Data Analytics can be a science of analysing raw data to make any kind of conclusions all about the information. There are many techniques and also processes of data analytics that have been automated into mechanical processes and algorithms that work over raw data for human consumption. The data analytics is a term that encompasses many diverse types of data analysis. There are types of information that can be subjected to data analytics techniques to get insight that can be used to improve things. Data analytics techniques can reveal trends and metrics that would do a lot in the mass of information. This is an information that can be used to optimise process to increase the overall efficiency of a business. Consider an example, manufacturing in the companies often record the runtime, downtime and work queue for various machines and also analyse the data better plan workloads as the machines operate closer to peak capacity.
Data analytics can do much better more than pointing out the bottlenecks in production. Gaming companies use data analytics to set reward schedules for players that keep the majority of players that active in the game. There are content management companies that use many of the same data analytics to keep the clicking, watching and also reorganising content to get another view.

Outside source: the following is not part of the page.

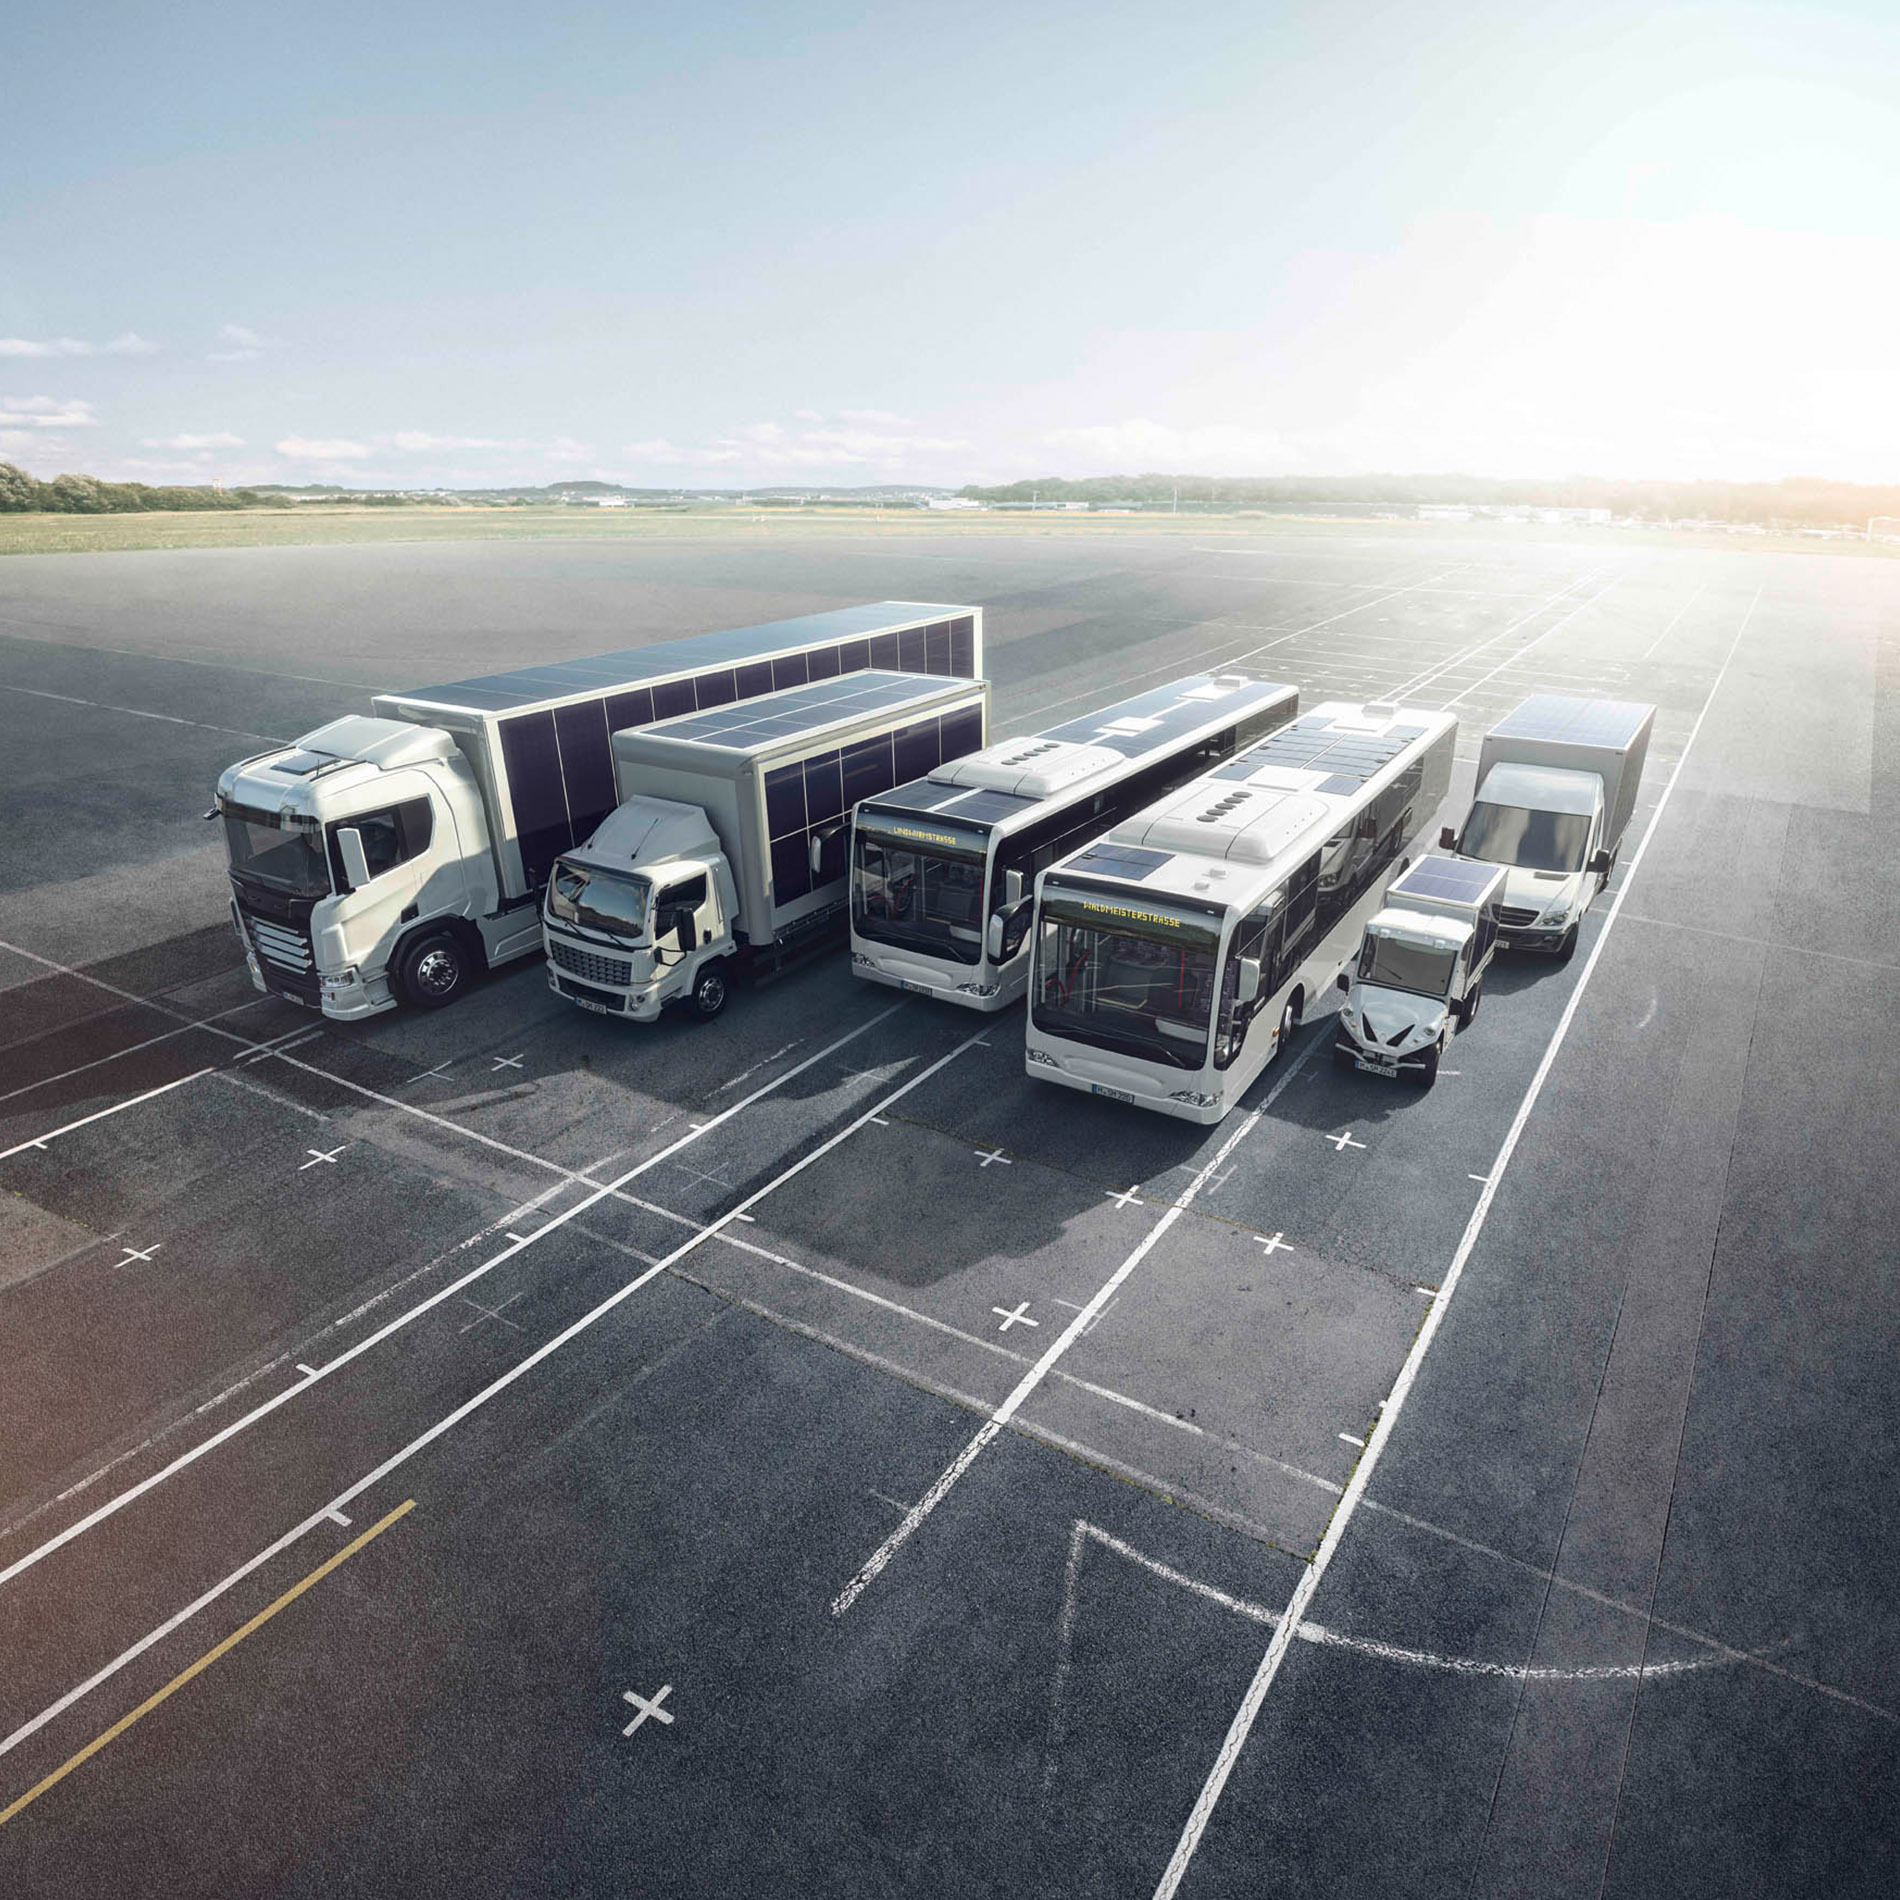 Sweden's Scania unveils world's first semi-truck covered in solar

The data analytics steps are
1. The first step is to identify the data requirements or data grouping methods. Data may be separated by age, demographic, income and gender there are data values may be numerical or may be divided by category.
2. The second step in data analytics can be collecting it. It is done through a variety of sources like computers, online sources, cameras, environmental sources.

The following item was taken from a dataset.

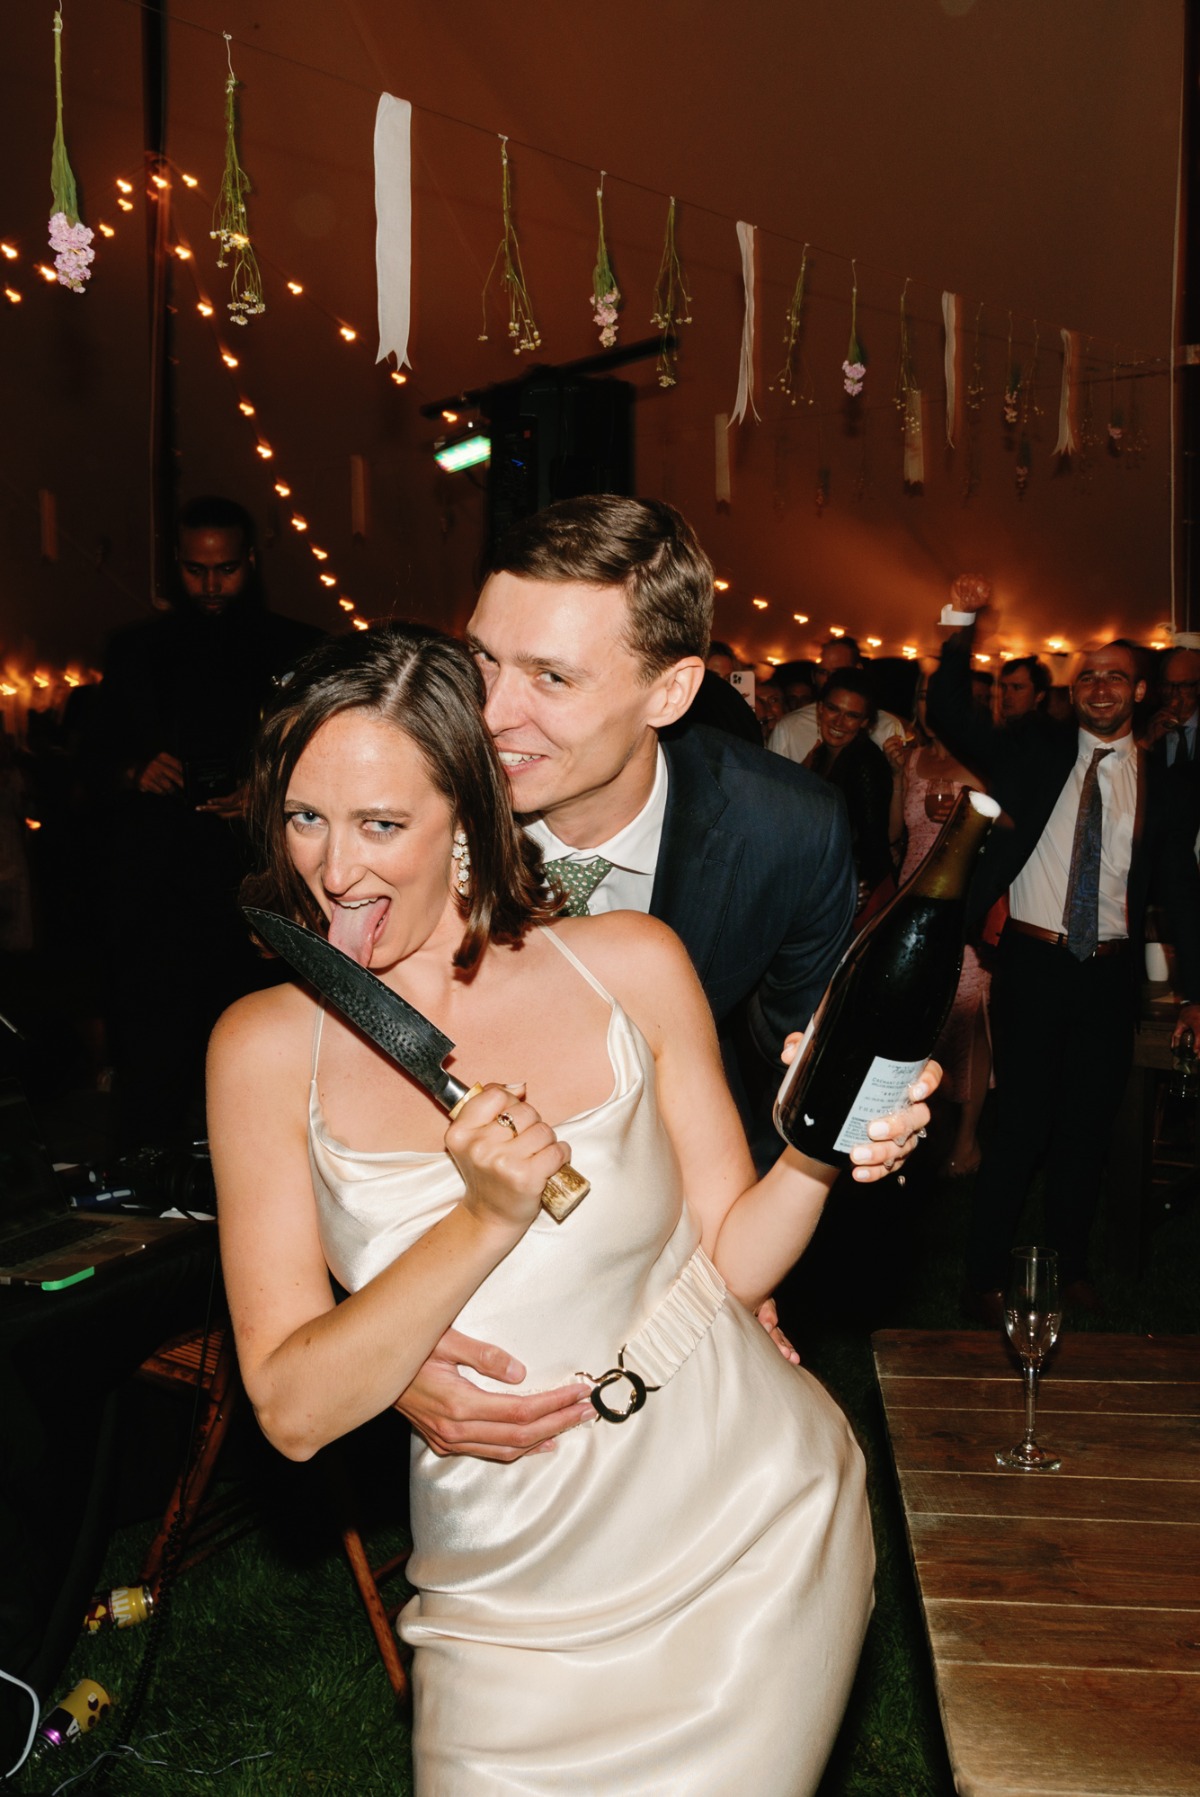 Playful bride and groom popping champagne

3. The data must be organised after it is collected that may be analysed. This may take place like spreadsheet or other form of software that can take a statistical data.

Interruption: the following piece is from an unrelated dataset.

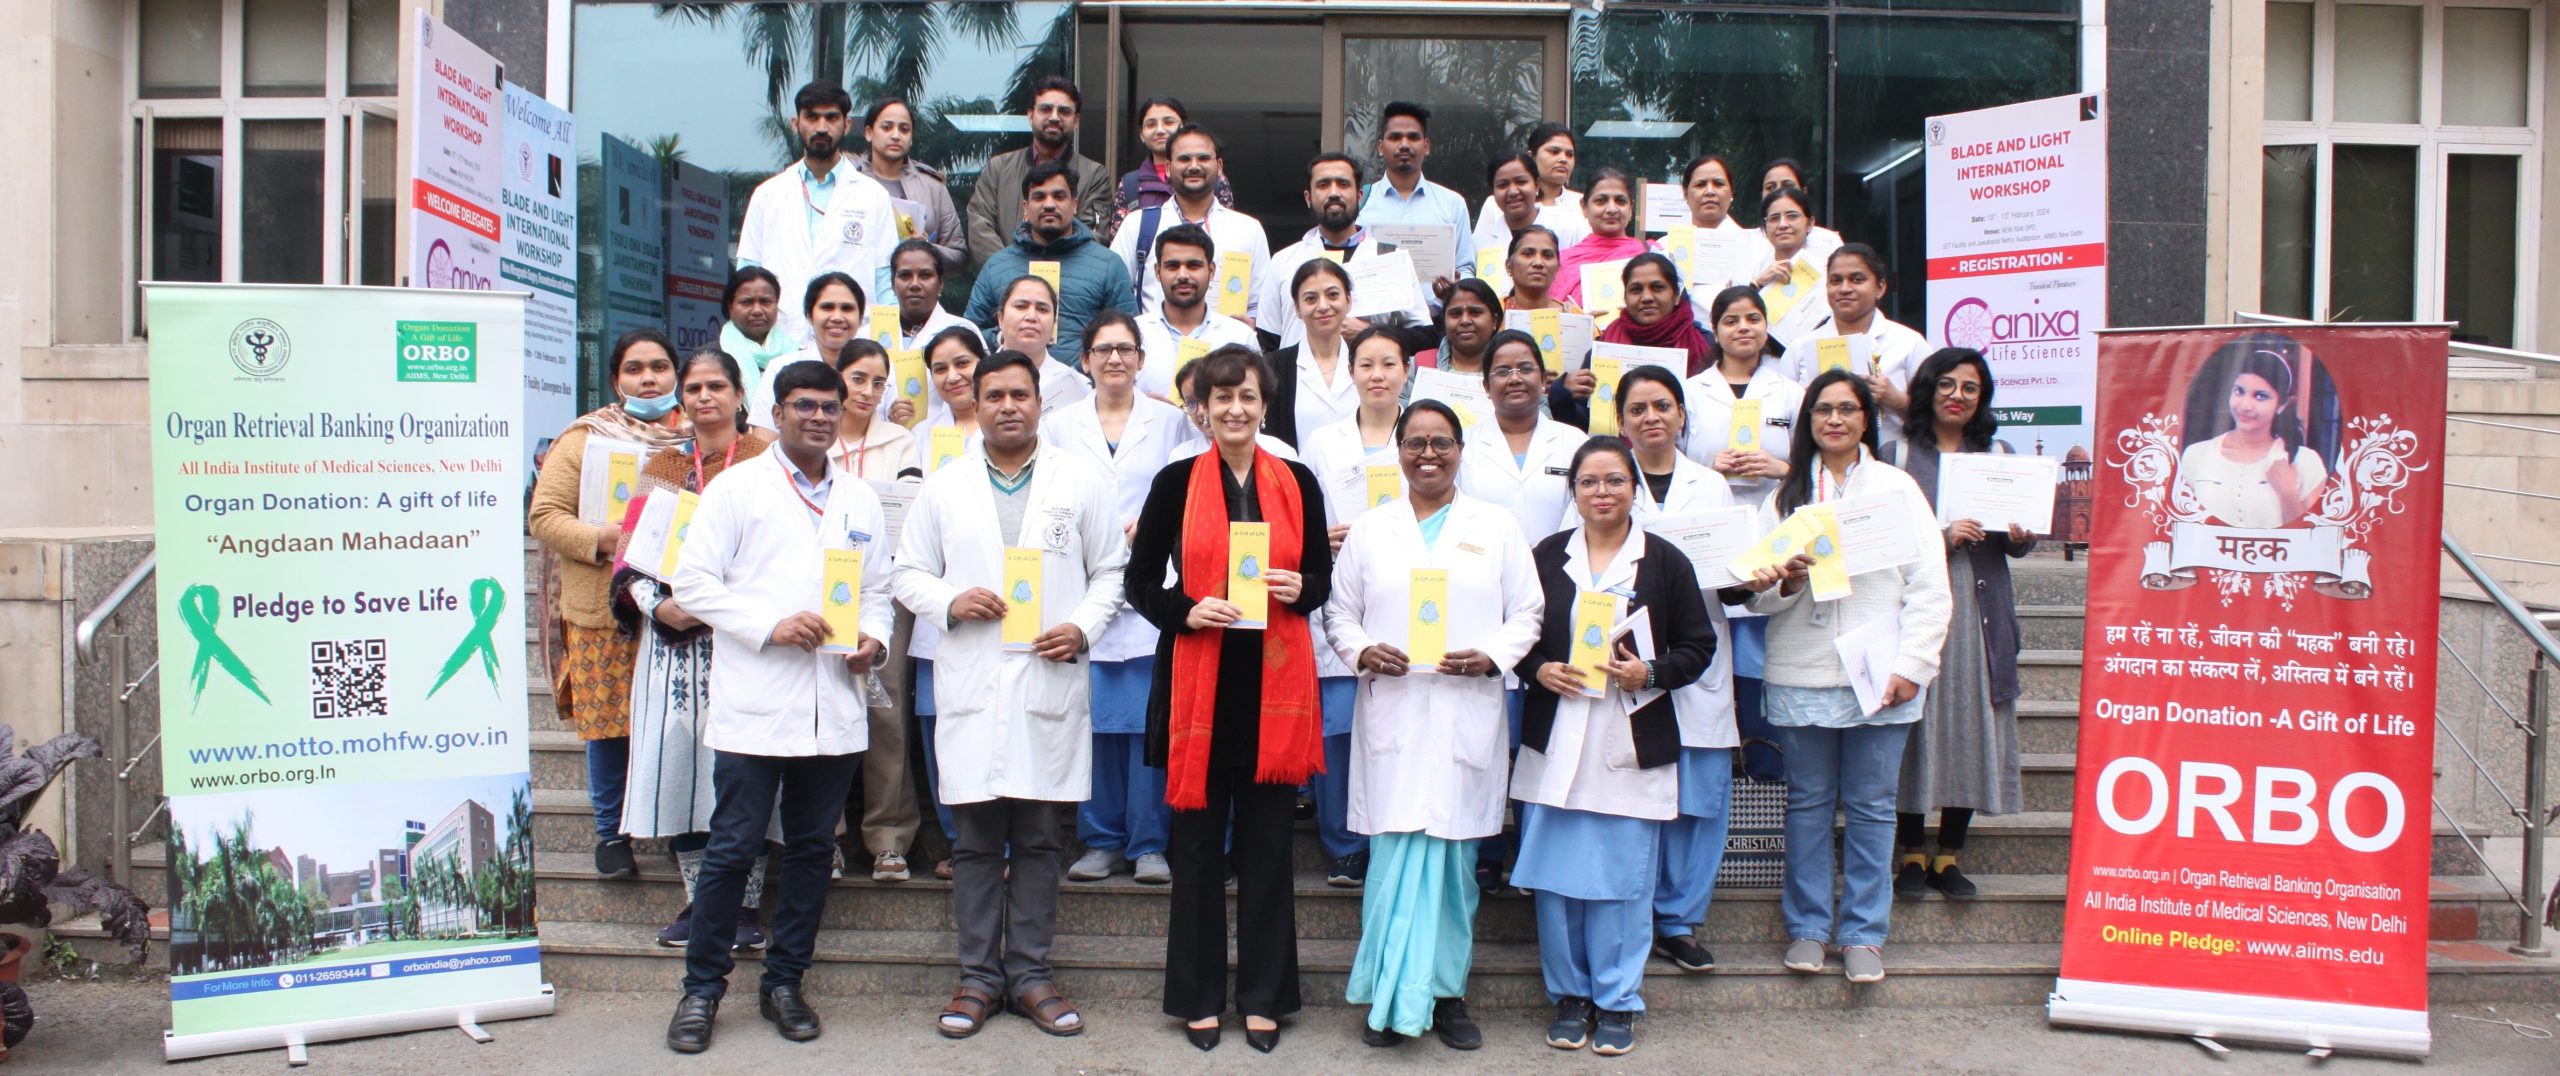 Organ Donation Training & Awareness Session for Critical Care Nurses at AIIMS

4. The data will be cleaned up before analysis. It is scrubbed and checked to make sure that there is no duplication or error and that may be not complete. This step will help to correct any errors before it goes to the data analyst to be analysed.
There are many types of Data analytics:
1. Descriptive analytics- This describes what happened over given period of time, like have a number of views that are gone up?
2. Diagnostic analytics- It will focuses more on why something happened. It involves more diverse data inputs and little bit of hypothesising.
3. Predictive analytics- This moves to what will be likely going to happen in the near term. eg: what happened in the sales the last time we had a hot summer?
4. Prescriptive analytics- It suggests a course of action. We should add the evening shift to the brewery and also in the rent in an additional tank increase the output if the likelihood of a hot summer that will be measured as an average of these five weather models.
The different Data analytics techniques:
A Data analyst may use many several techniques like analytical methods to process and data extract information. Some of most popular methods include.
1. Regression analysis- This entails analysing the relationship between dependent variables to determine how to change in one may affect the change in another.
2. Factor analysis- This entails taking a large data set and shrinking it into smaller data set. The goal of this manoeuvre will be attempt to discover hidden trends that will be otherwise more difficult to see.
Cohort analysis will be the process of breaking a data set into groups of similar data that often into the customer demographic. This will allow data analysts and other users of data analytics to further dive into the numbers relating to the specific subset of the data.
3. Monte carlo simulations- model the probability of different outcomes happening. They are used for risk mitigation and loss prevention. These are the simulations incorporate multiple values and variables and can also have greater forecasting capabilities than other data analytics.
1. What is Data analytics?
2. What are the types of Data analytics?